Notice, that since $a_i$ and $b_i$ are integers, the likelihood is just a rational function in $A$ and $B$: $ L(A,B \mid a,b) = \prod_{i=1}^n \left( \frac{ \prod\limits_{k=0}^{a_i-1} (A+k) \prod\limits_{m=0}^{b_i-1} (B+m) }{\prod\limits_{j=0}^{a_i+b_i-1} (A+B+j)}\right) $ The maximum likelihood equations are easily seen to be $ \begin{eqnarray} \sum_{i=1}^n \sum_{k=0}^{a_i-1} \frac{1}{A+k} &=& \sum_{i=1}^n \sum_{j=0}^{a_i+b_i-1} \frac{1}{A +B+j} \\ \sum_{i=1}^n \sum_{m=0}^{b_i-1} \frac{1}{B+m} &=& \sum_{i=1}^n \sum_{j=0}^{a_i+b_i-1} \frac{1}{A +B+j} \end{eqnarray} $ Given that $A>0$ and $B>0$ these equations become polynomial equations in $A$ and $B$ with, hopefully, a unique positive root.

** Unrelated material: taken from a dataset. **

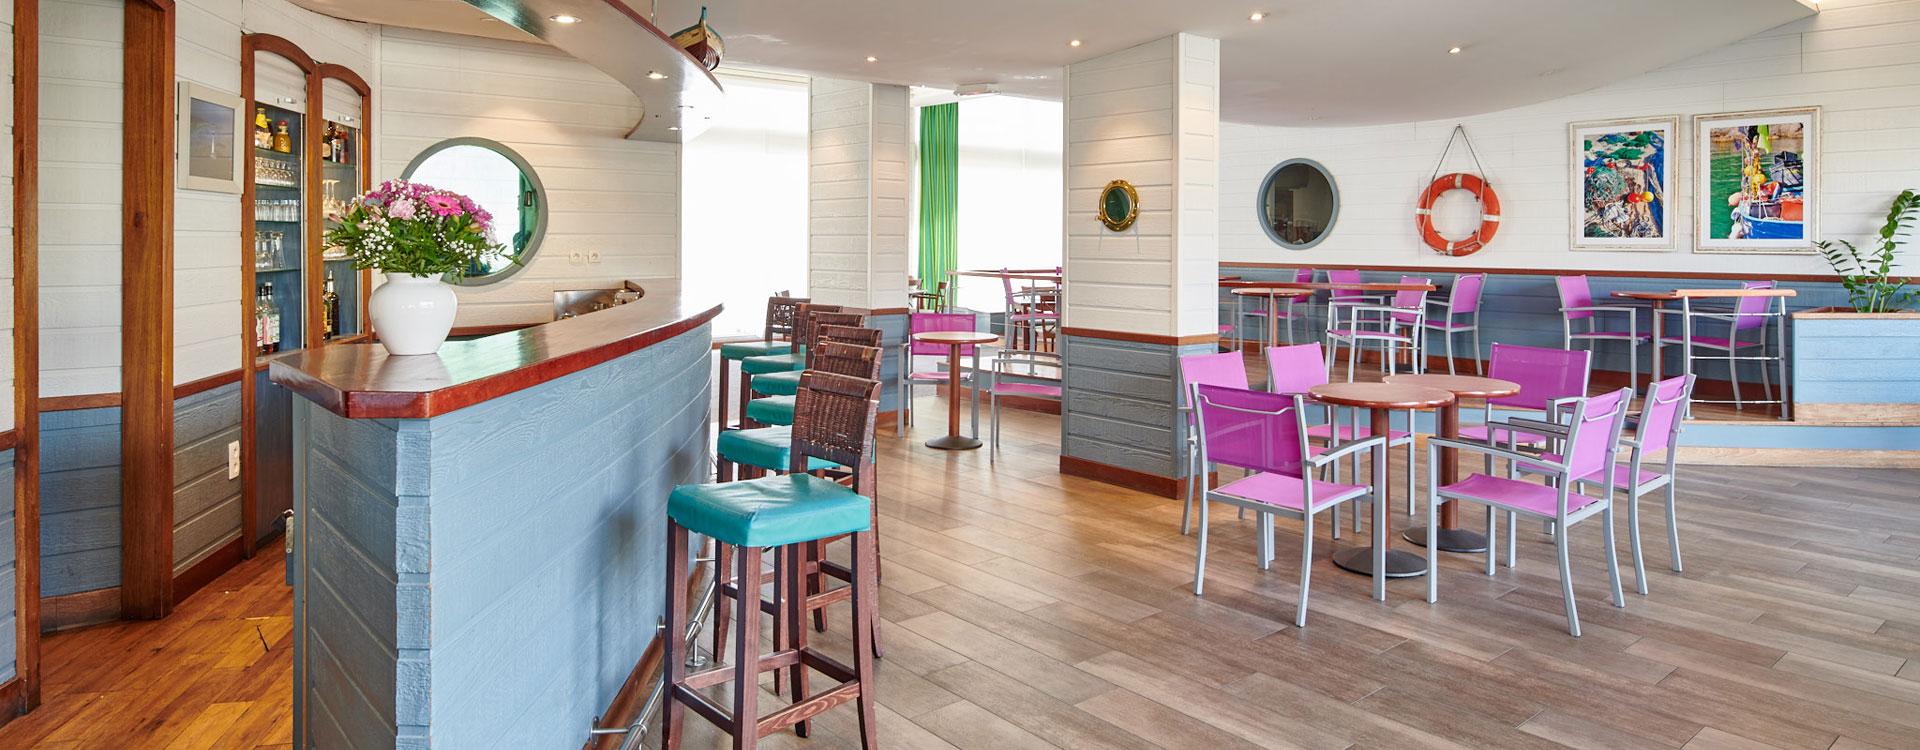 bar appart hotel biarritz

However, checks in Mathematica for small values of $n$ and $a_i$, $b_i$ indicate that the resulting system admits no positive finite solutions. enter image description here

It is easily seen, that infinite $A$ and $B$ solve MLE equations. Let's fix $r=A/B$. Then, in the limit of infinite $A$ and $B$, equations reduce to $ \begin{eqnarray} \sum_{i=1}^n a_i &=& \sum_{i=1}^n \frac{r}{r+1} (a_i+b_i) \\ \sum_{i=1}^n r b_i &=& \sum_{i=1}^n \frac{r}{r +1} \cdot (a_i+b_i) \end{eqnarray} $ which gives $ r = \frac{\sum_{i=1}^n a_i}{\sum_{i=1}^n b_i} $

This result is confirmed numerically by the following heuristic. Use $a_i$ and $b_i$ to estimate head probability $p_i$ for each coin using ML estimator $p_i = \frac{a_i}{a_i+b_i}$. Then use ML estimation for beta distribution to determine $\alpha$ and $\beta$ from the data $\{p_1, \ldots, p_n \}$.

enter image description here

I do not have a good explanation as to why ML estimation can not seem to determine both $\alpha$ and $\beta$. This may be worth a separate question.